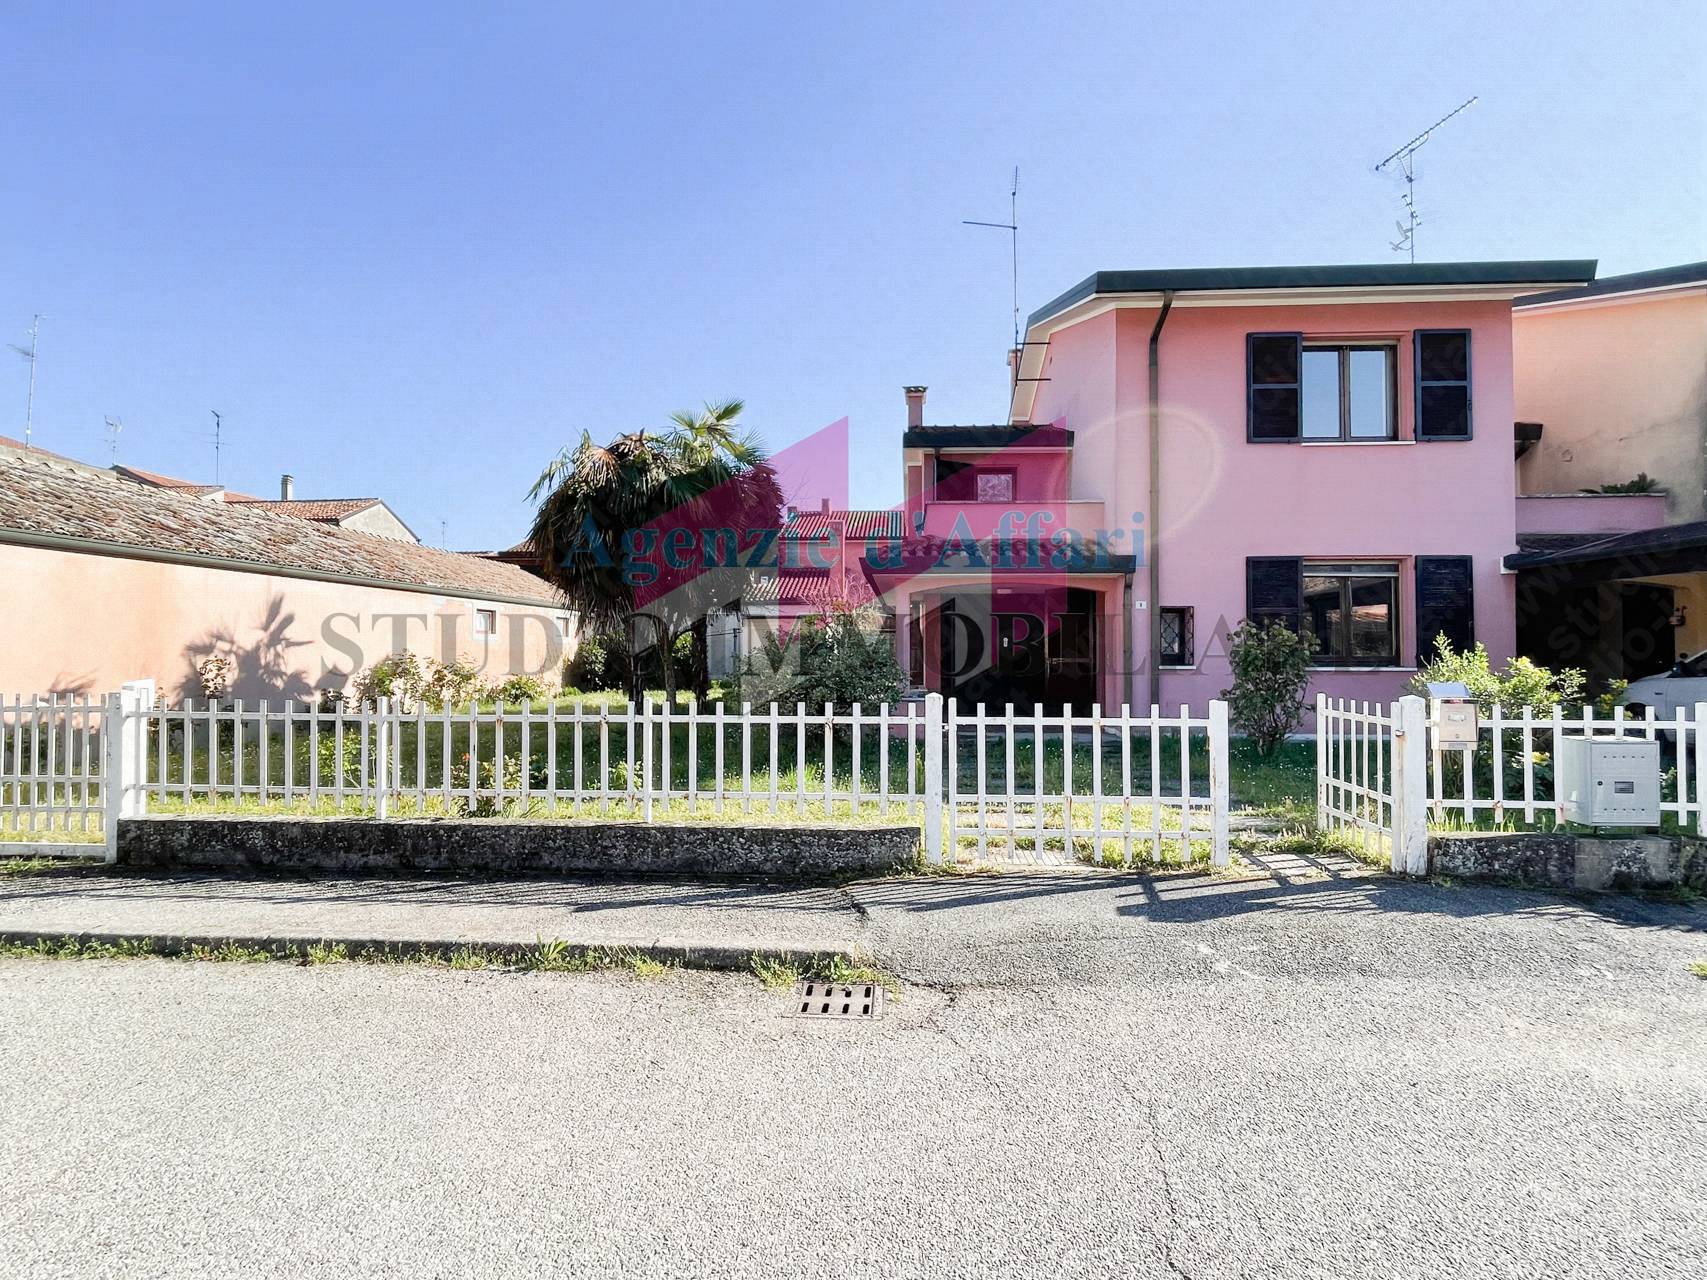 Villa a Schiera in vendita a Castelmassa, 5 locali, prezzo € 135.000 | PortaleAgenzieImmobiliari.it
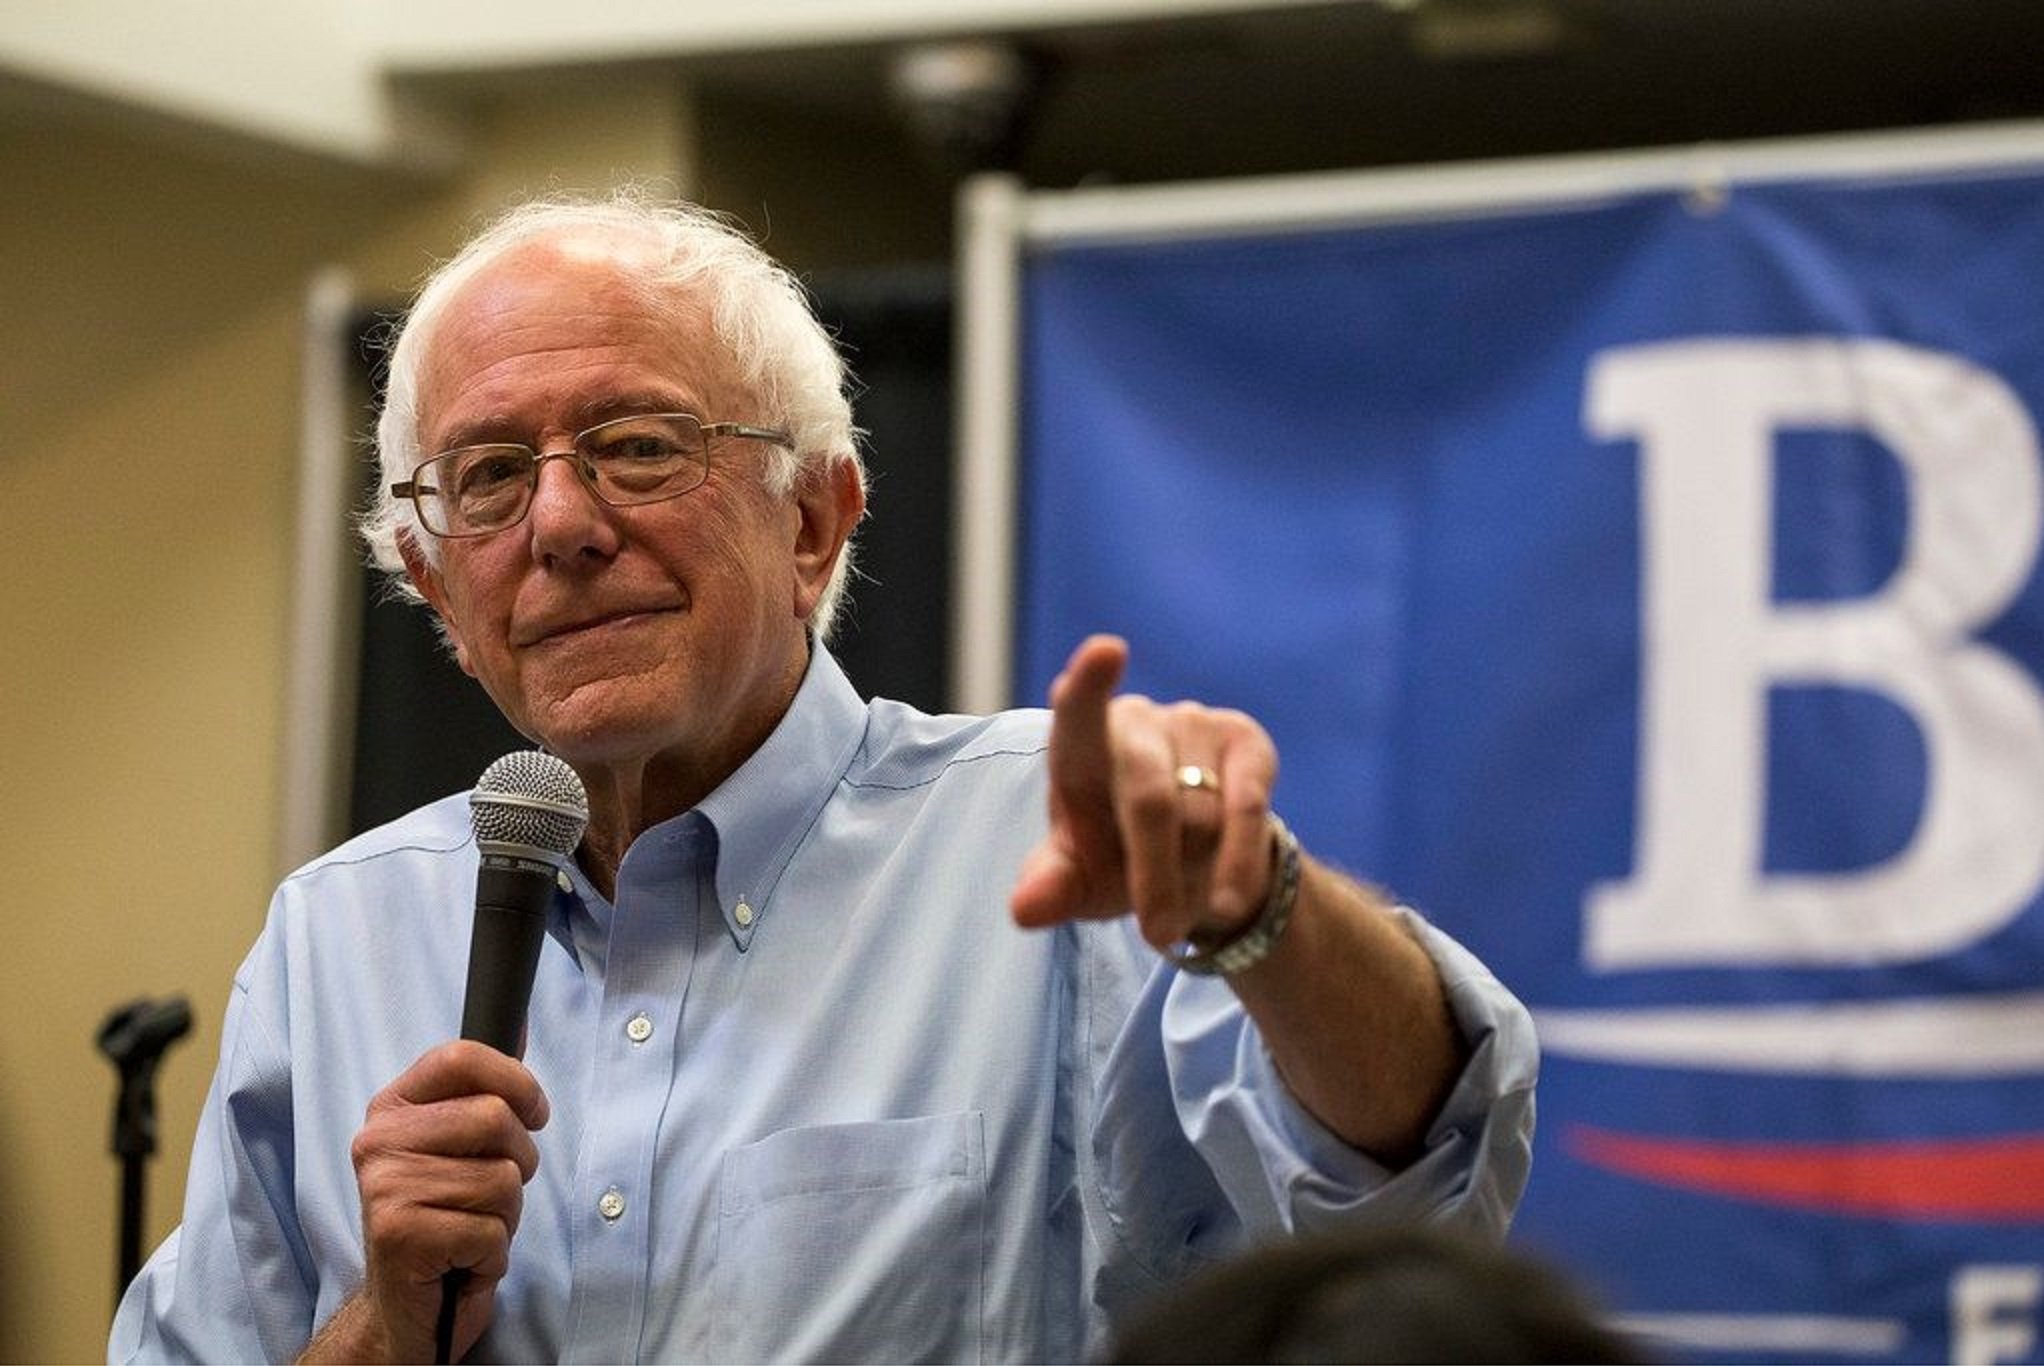 Sanders deixa la cursa per la presidència dels Estats Units: "Tots amb Biden"
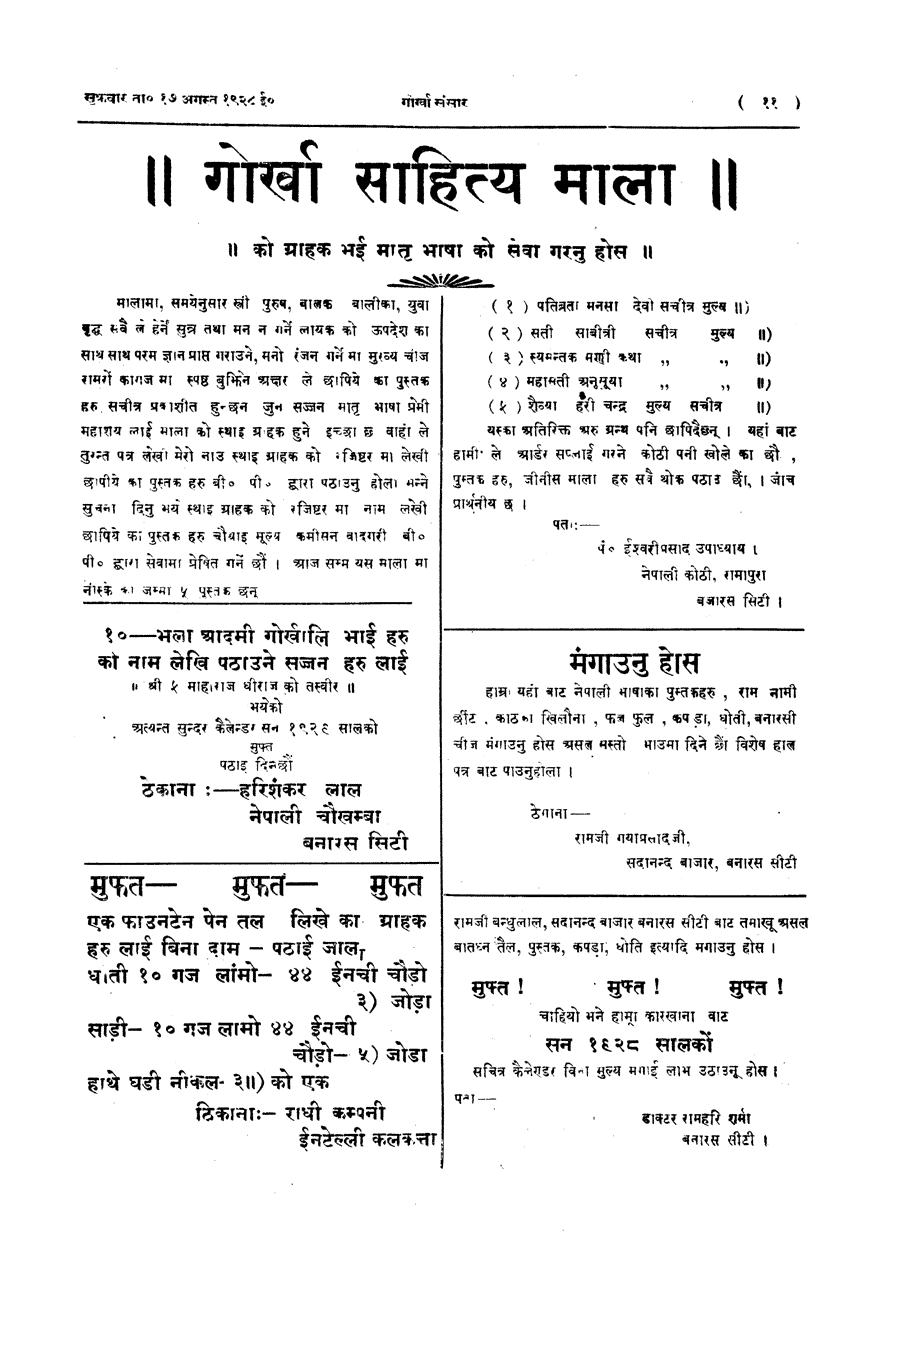 Gorkha Sansar, 17 Aug 1928, page 11

Exercise requirements:
Copy verbatim the span that opens at the line with "Sanders deixa la" and closes at the final line of the listing. Do not carry over any pictures.

Written solution:
 Sanders deixa la cursa per la presidència dels Estats Units: "Tots amb Biden"
 Gorkha Sansar, 17 Aug 1928, page 11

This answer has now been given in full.